Under the Wells Fargo Agreement, we are required to maintain certain minimum EBITDA levels, leverage ratios and fixed charge coverage ratios. During January 2009, we entered into an amendment to the Wells Fargo Agreement that amended the covenant effective December 28, 2008 and eliminated the minimum EBITDA requirement and instead added limits on our growth capital expenditures and reduced our revolving line of credit to approximately $7.4 million. Under the amendment, we must limit our capital expenditures for new restaurant development, acquisitions or remodels to $1.0 million in fiscal year 2009 and $1.2 million in fiscal year 2010. The amendment does not limit routine capital expenditures. We are currently in discussions with Wells Fargo Bank regarding the extension of our Credit Agreement beyond June 29, 2010.

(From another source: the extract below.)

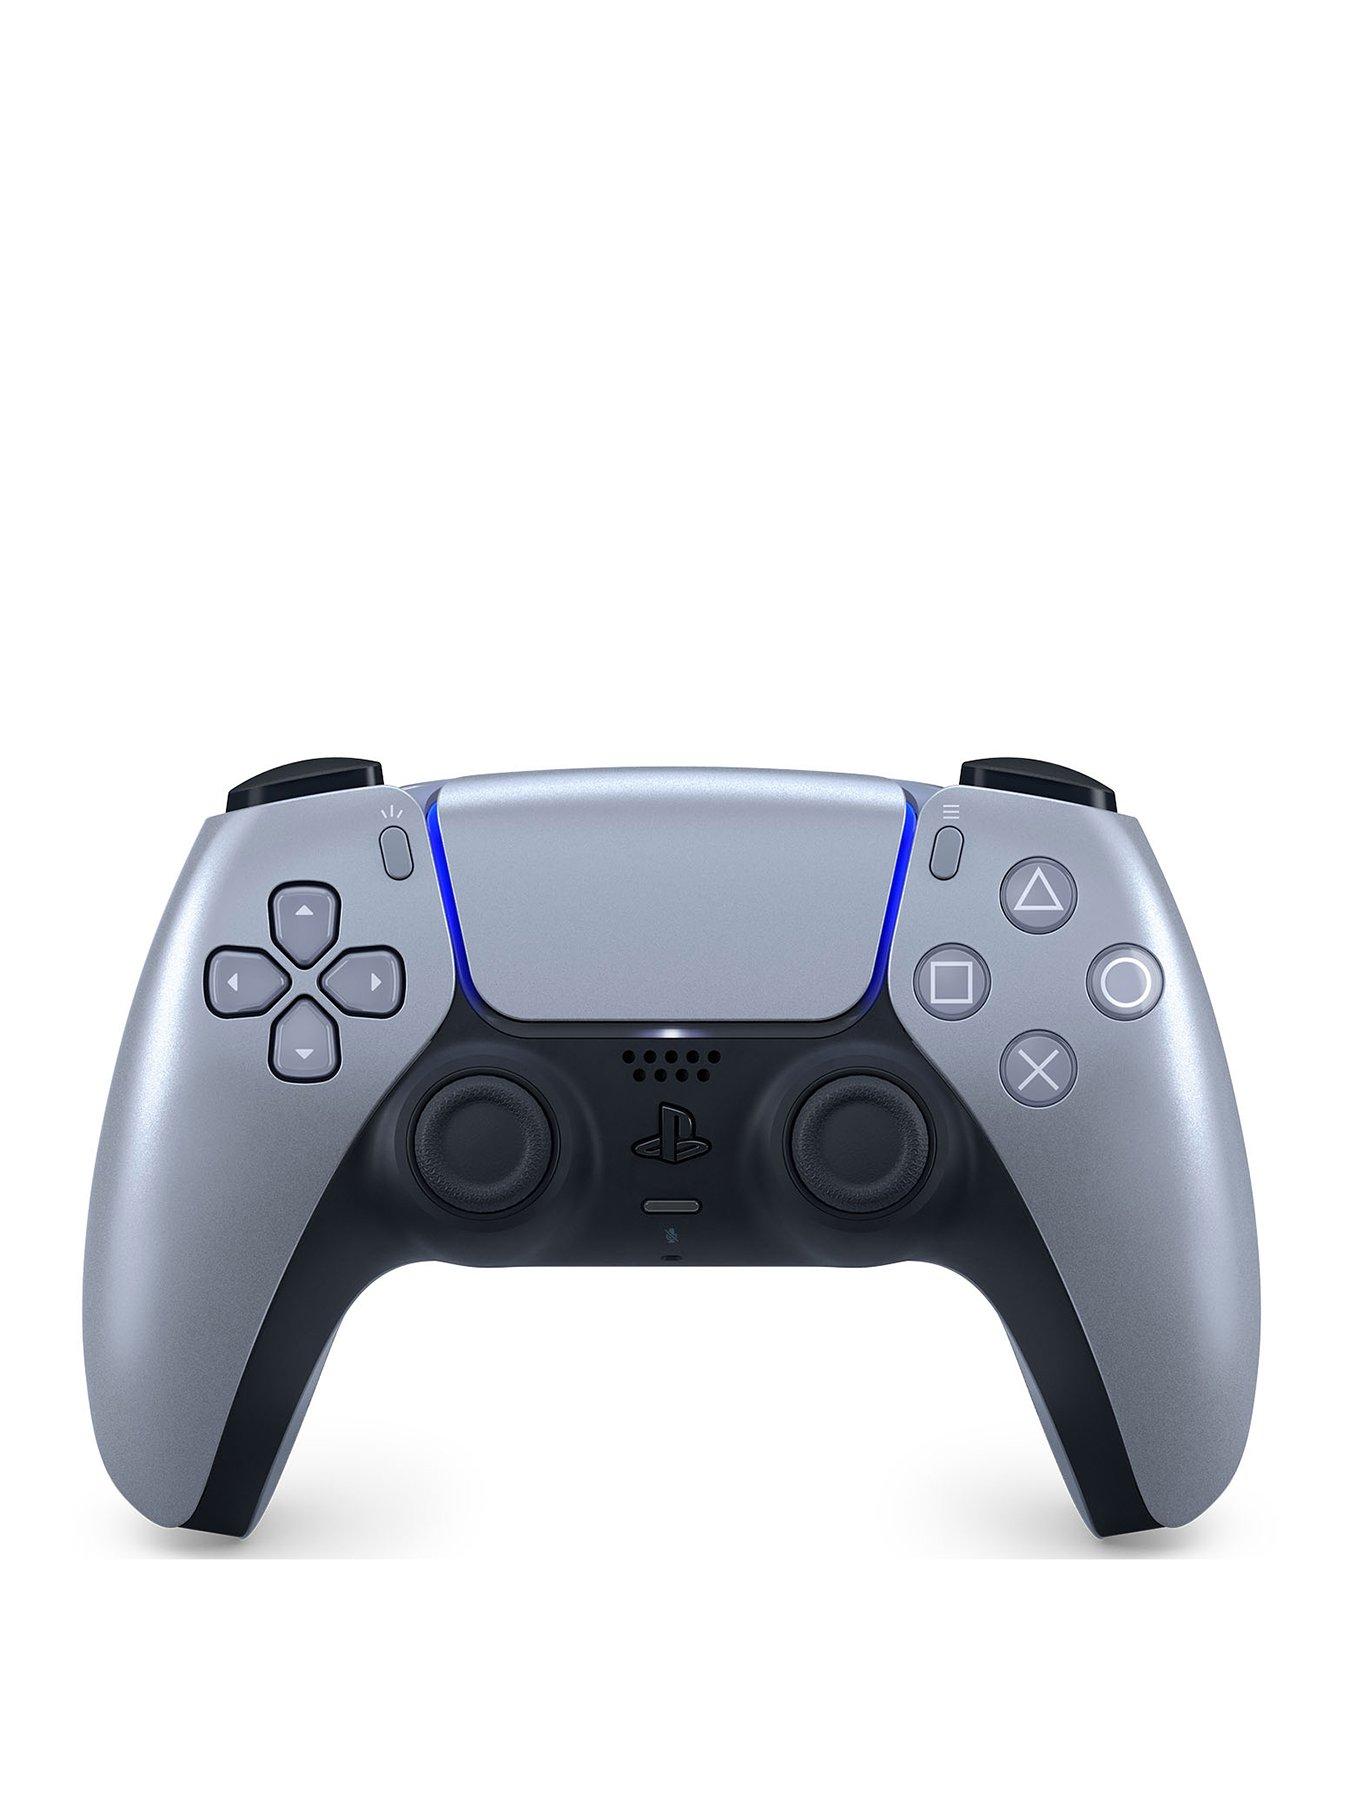 PlayStation 5 DualSense Wireless Controller - Sterling Silver

Although the Wells Fargo Agreement permits us to implement a share repurchase program for up to $2.0 million annually under certain conditions, we currently have no repurchase programs in effect. Shares previously acquired are being held for general corporate purposes, including the offset of the dilutive effect on shareholders from the exercise of stock options.
On April 7, 2009, we sold substantially all of the operating assets and liabilities of our La Senorita restaurant chain located in Michigan for approximately $2.6 million. Proceeds from the sale were used to pay down long-term debt. The sale price is subject to adjustment within 60 days of closing to the extent that closing date working capital, as defined by the purchase agreement, is less or greater than approximately $69,000. We anticipate recording a gain on this sale of approximately $400,000, net of allocated goodwill in the second quarter of 2009.